Before returning the data, strip out the pictures and keep everything else exactly the same.

→ **Material provided**:

************

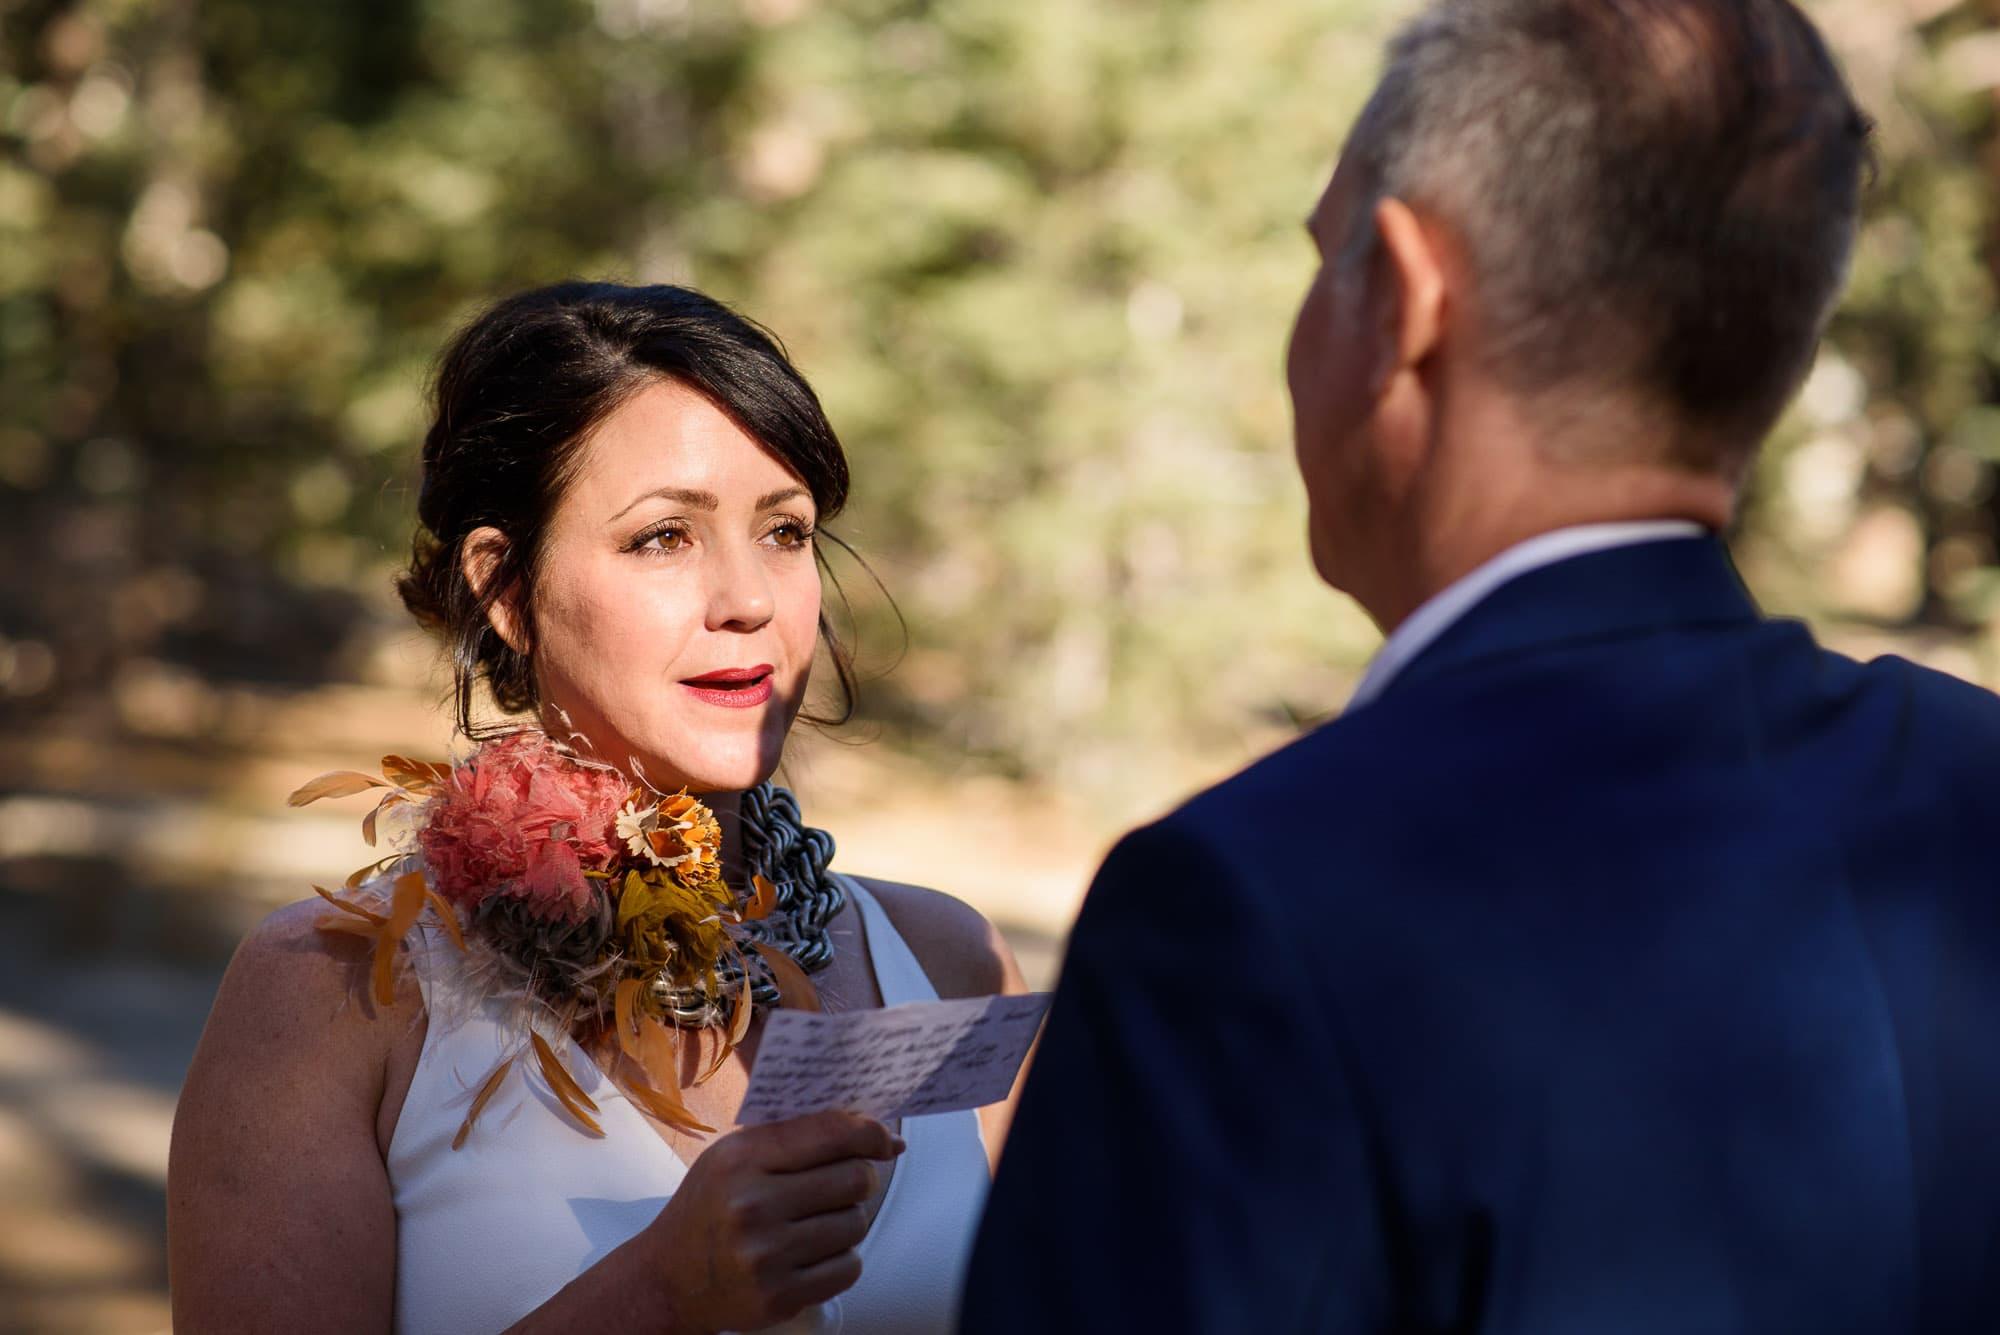 018_Alan_and_Heidi_Palm_Springs_Tram_Wedding
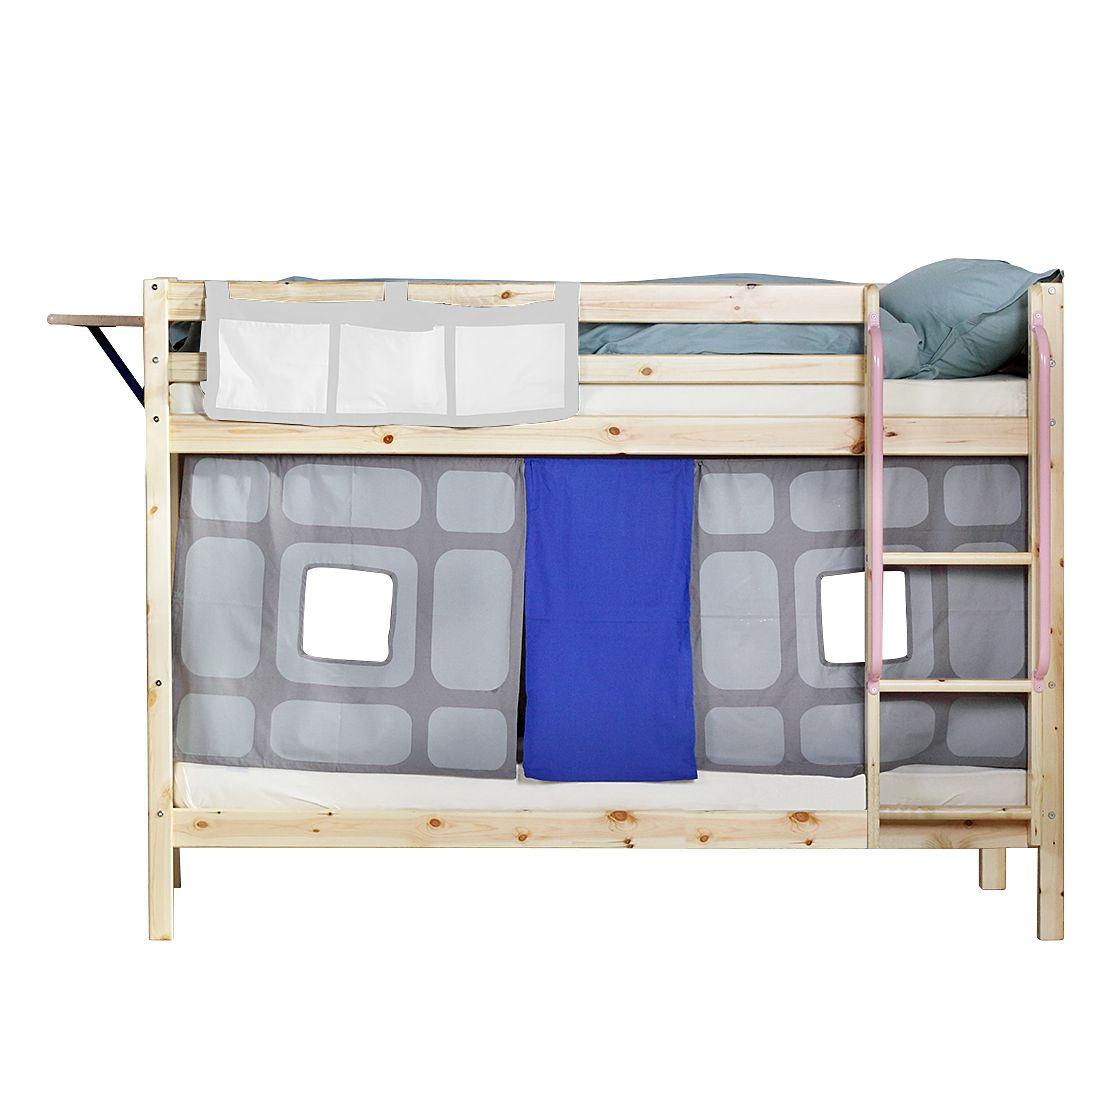 Etagenbett Hit II – Kiefer massiv/Textil – Natur/Ritter, Flexa günstig kaufen
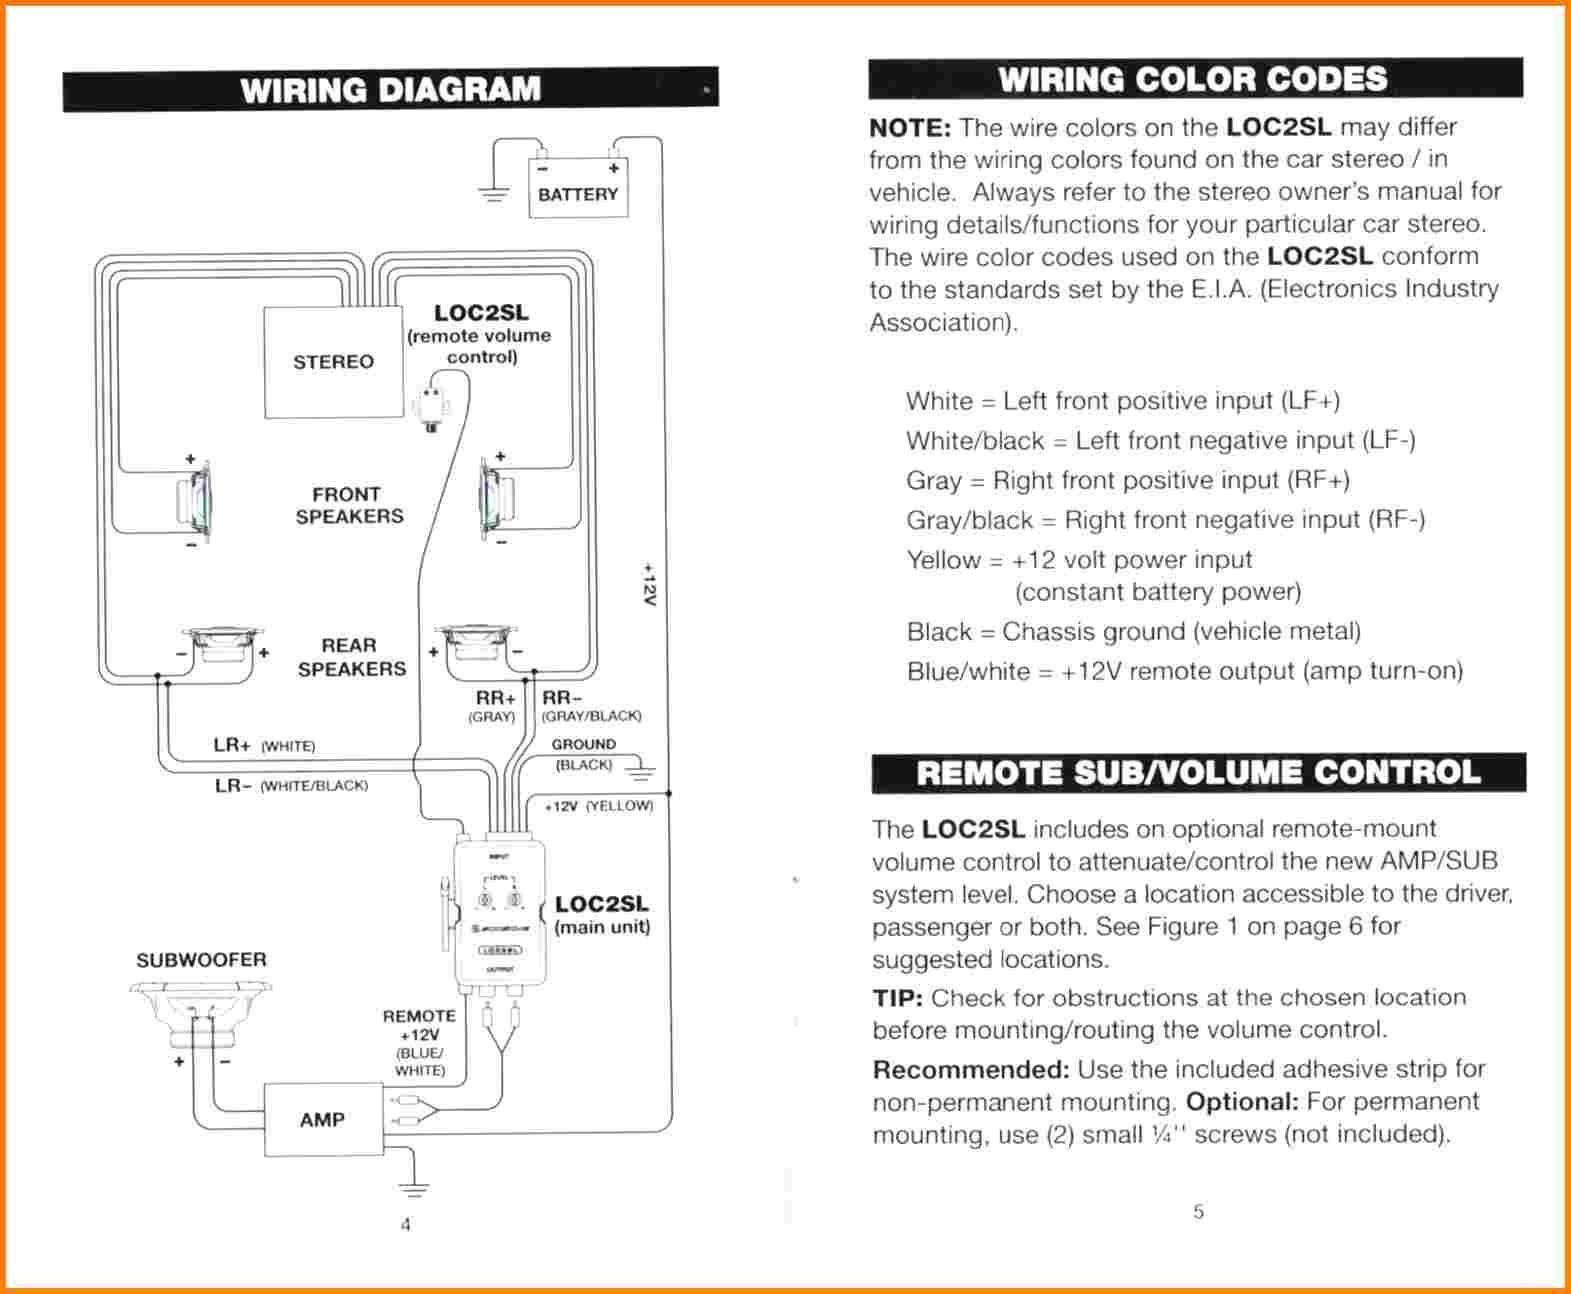 Scosche Line Out Converter Wiring Diagram | Wiring Diagram - Scosche Line Out Converter Wiring Diagram

************

→ **Answer to this exercise**:
 018_Alan_and_Heidi_Palm_Springs_Tram_Wedding
 Etagenbett Hit II – Kiefer massiv/Textil – Natur/Ritter, Flexa günstig kaufen
 Scosche Line Out Converter Wiring Diagram | Wiring Diagram - Scosche Line Out Converter Wiring Diagram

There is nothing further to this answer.